> _Exercise prompt_: For each record below, set it down exactly but leave out any picture.

(Records for the exercise)

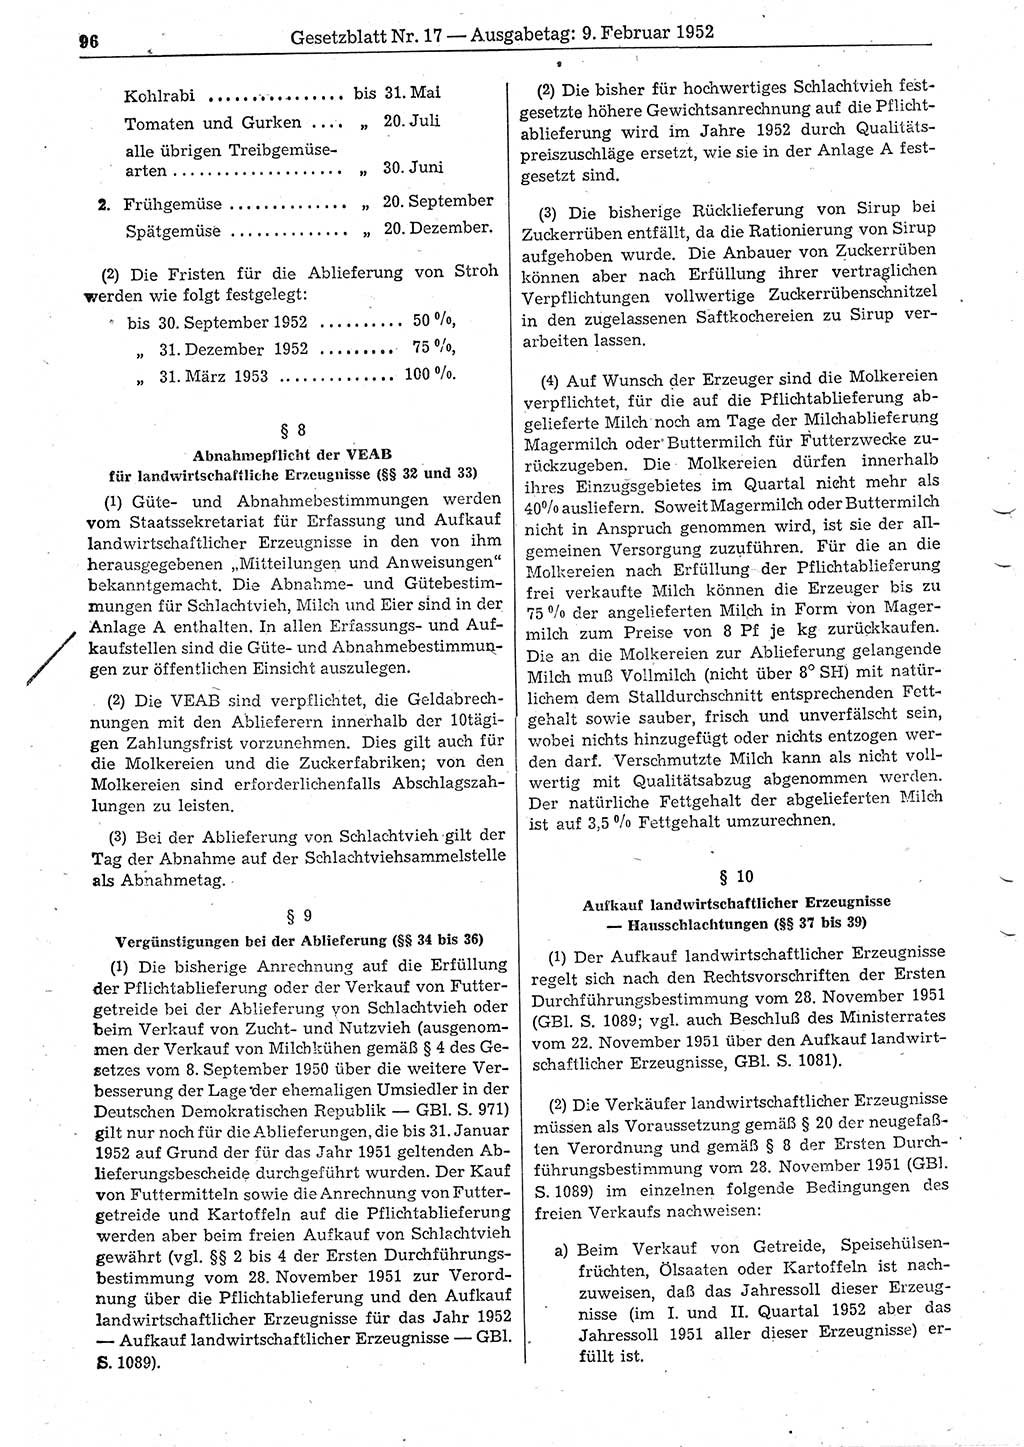 Gesetzblatt (GBl.) der Deutschen Demokratischen Republik (DDR) 1952, Seite 96 (GBl. DDR 1952, S. 96)
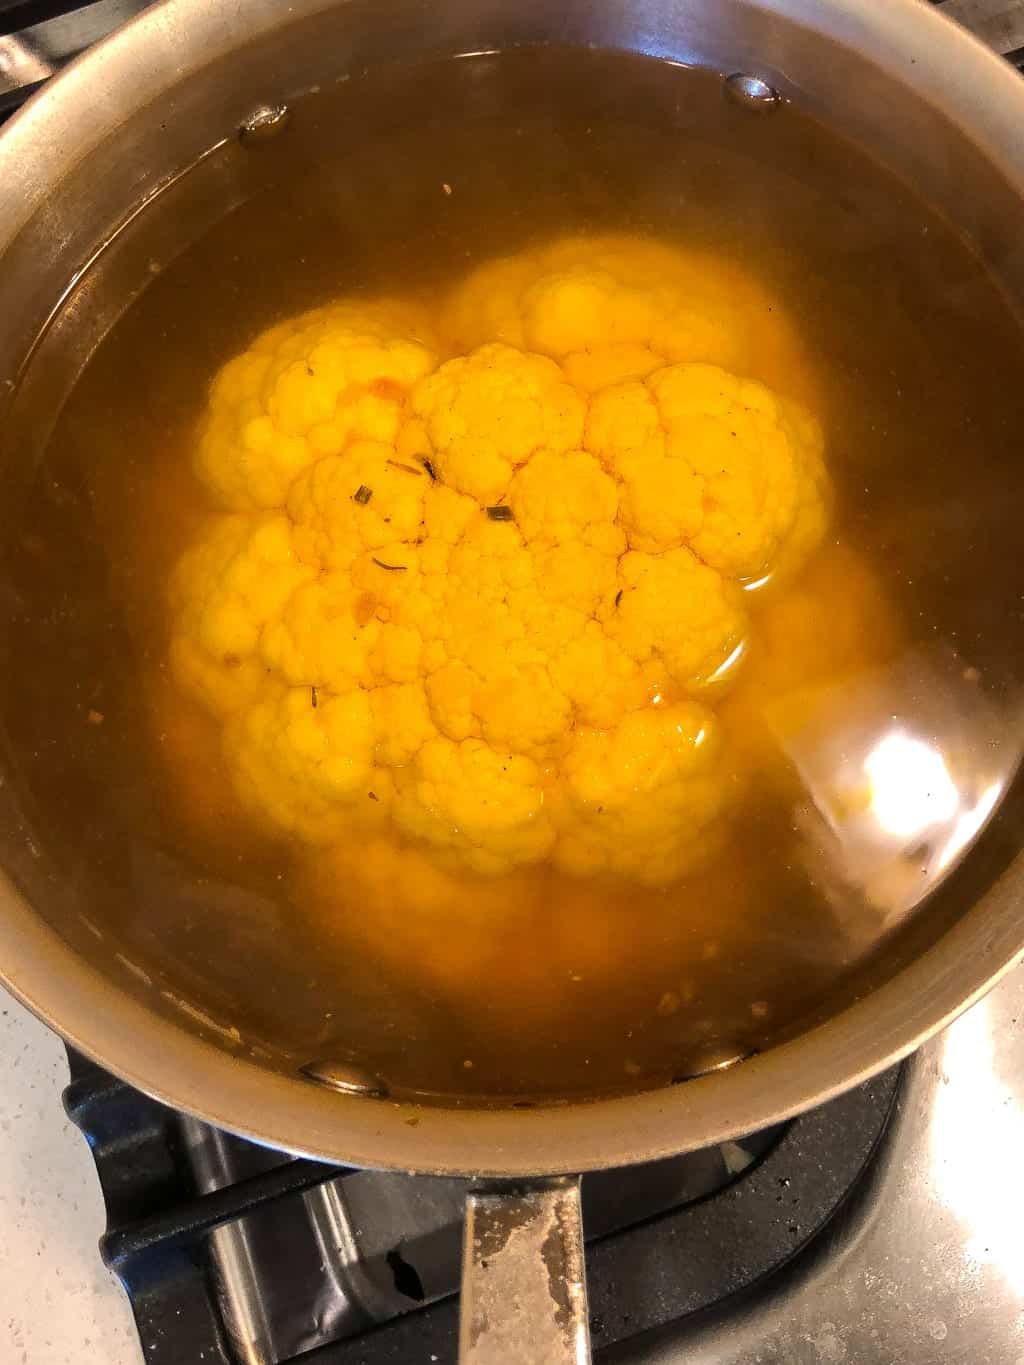 cauliflower poached in liquid
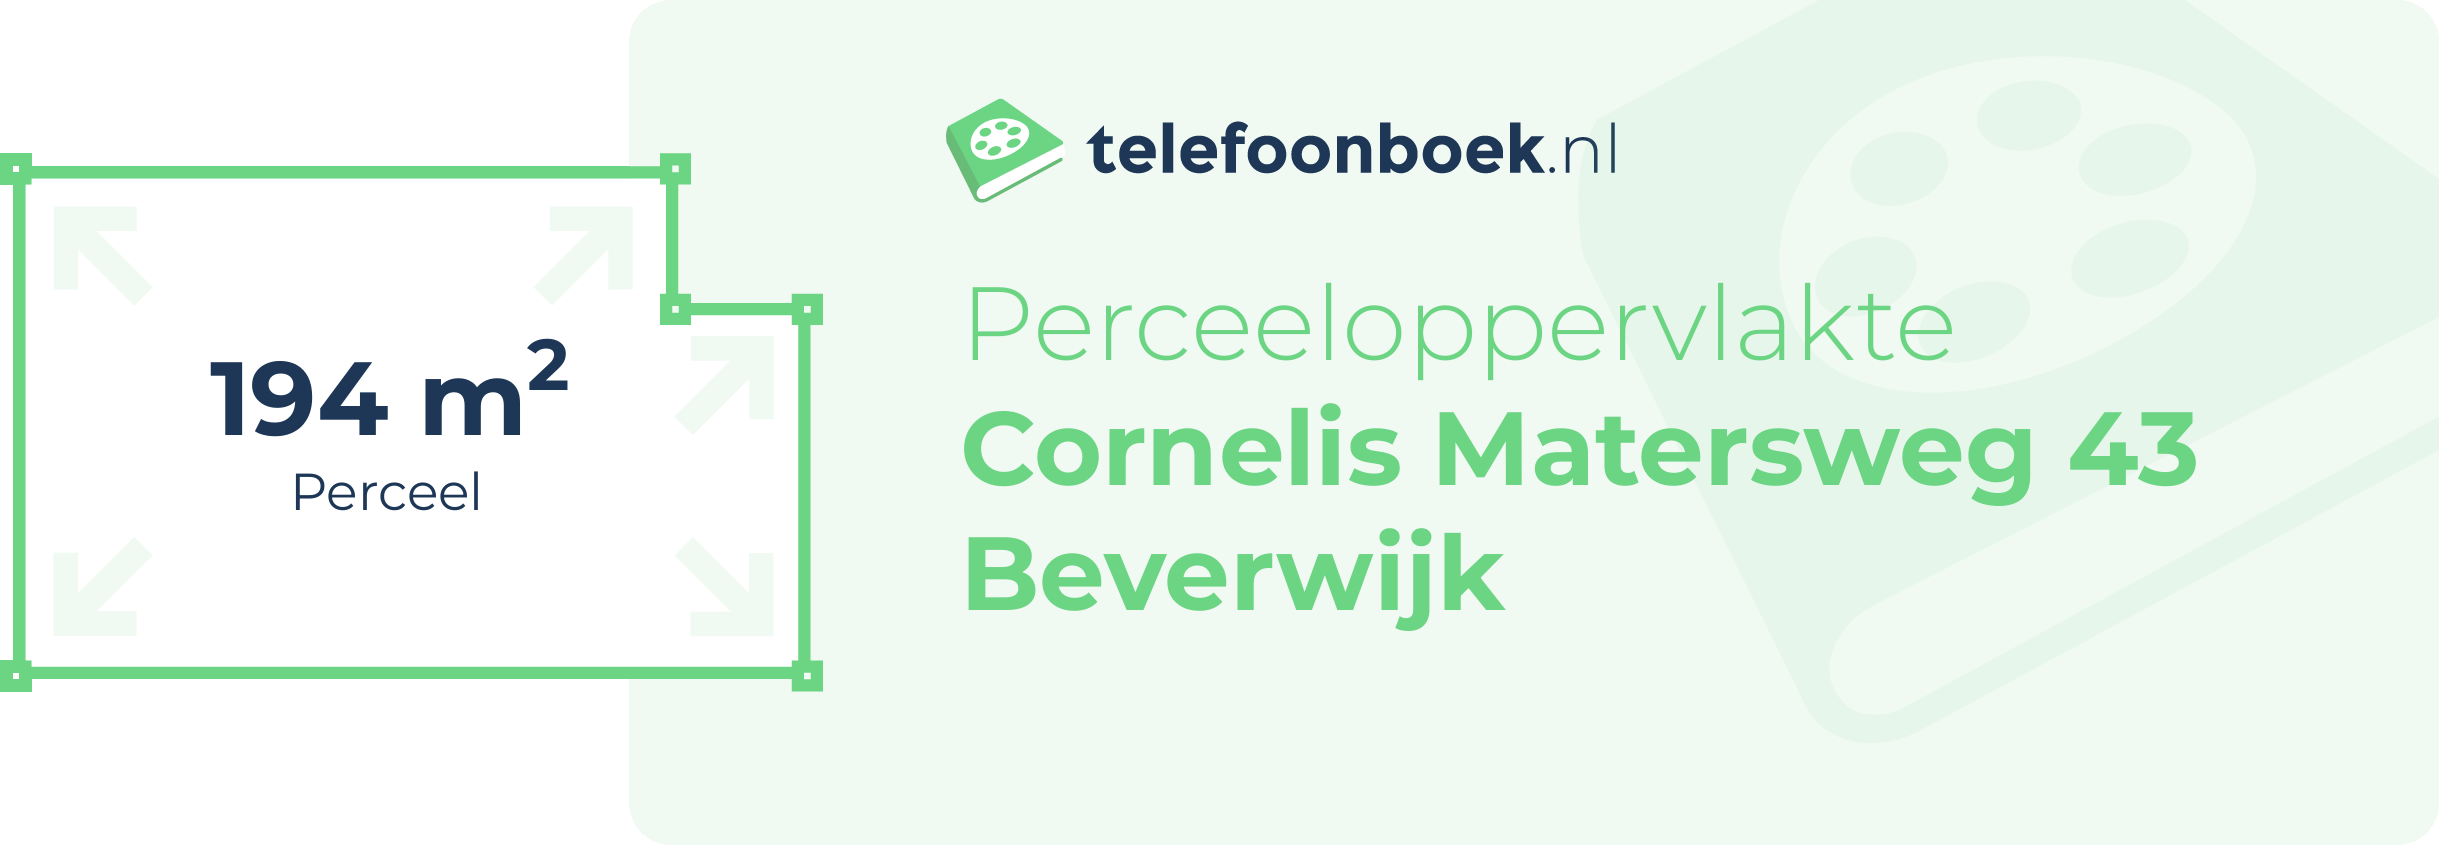 Perceeloppervlakte Cornelis Matersweg 43 Beverwijk
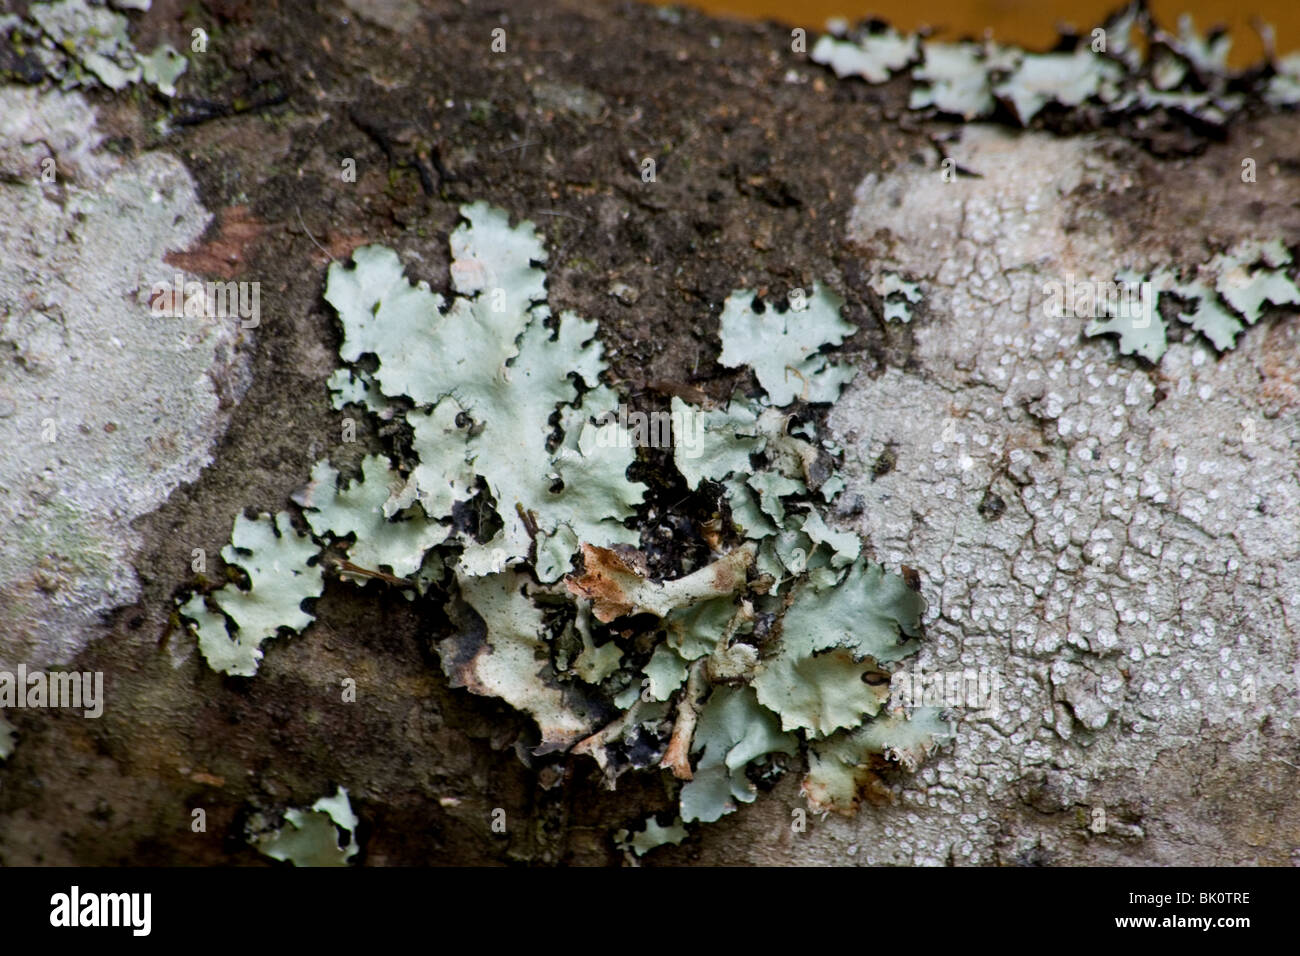 Foliose lichens on dead tree Stock Photo
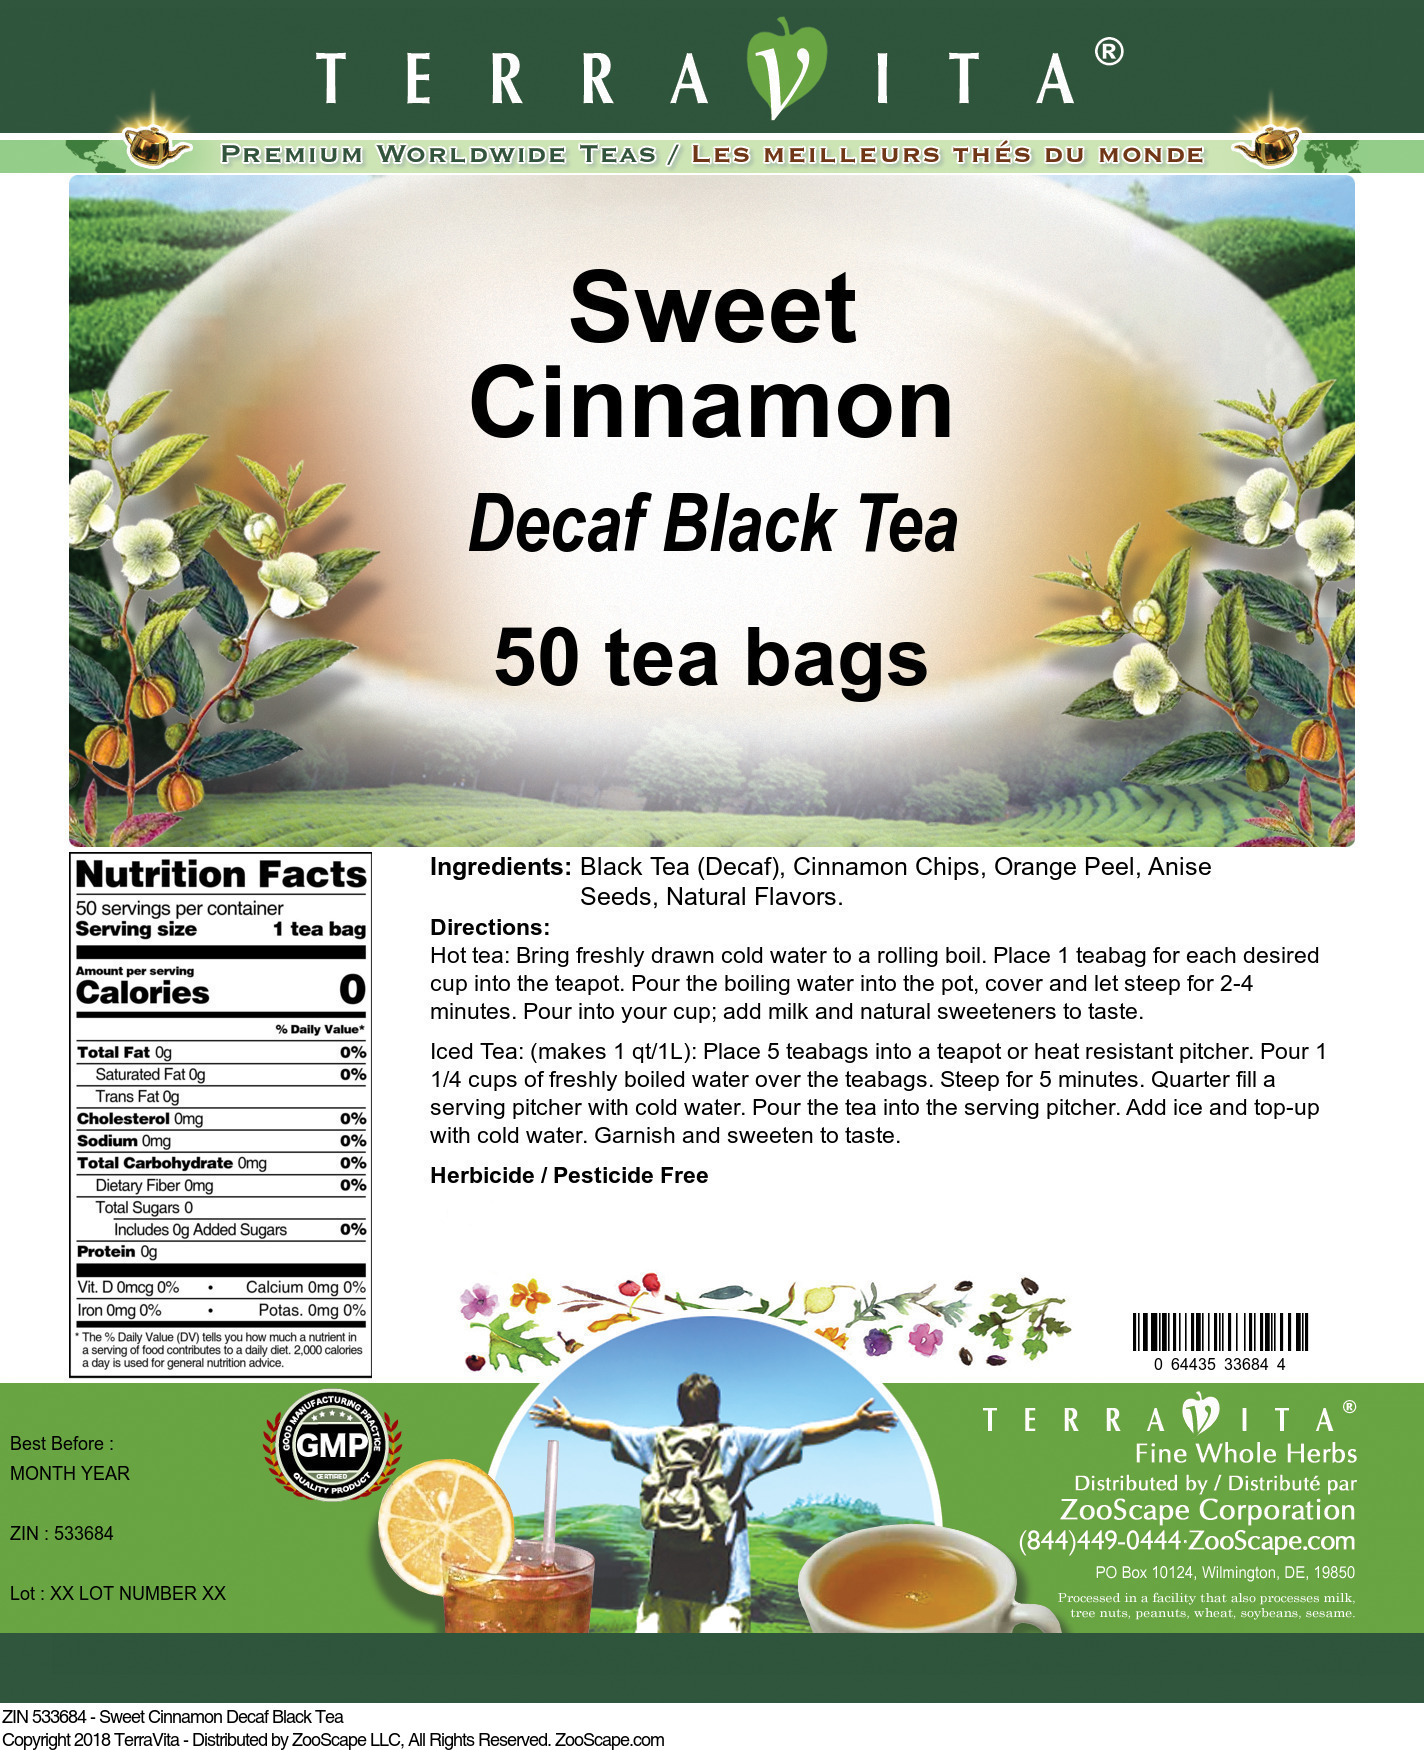 Sweet Cinnamon Decaf Black Tea - Label

(End Records for the exercise)

> _Response area_:
 Gesetzblatt (GBl.) der Deutschen Demokratischen Republik (DDR) 1952, Seite 96 (GBl. DDR 1952, S. 96)
 cauliflower poached in liquid
 Perceeloppervlakte Cornelis Matersweg 43 Beverwijk
 Foliose lichens on dead tree Stock Photo
 Sweet Cinnamon Decaf Black Tea - Label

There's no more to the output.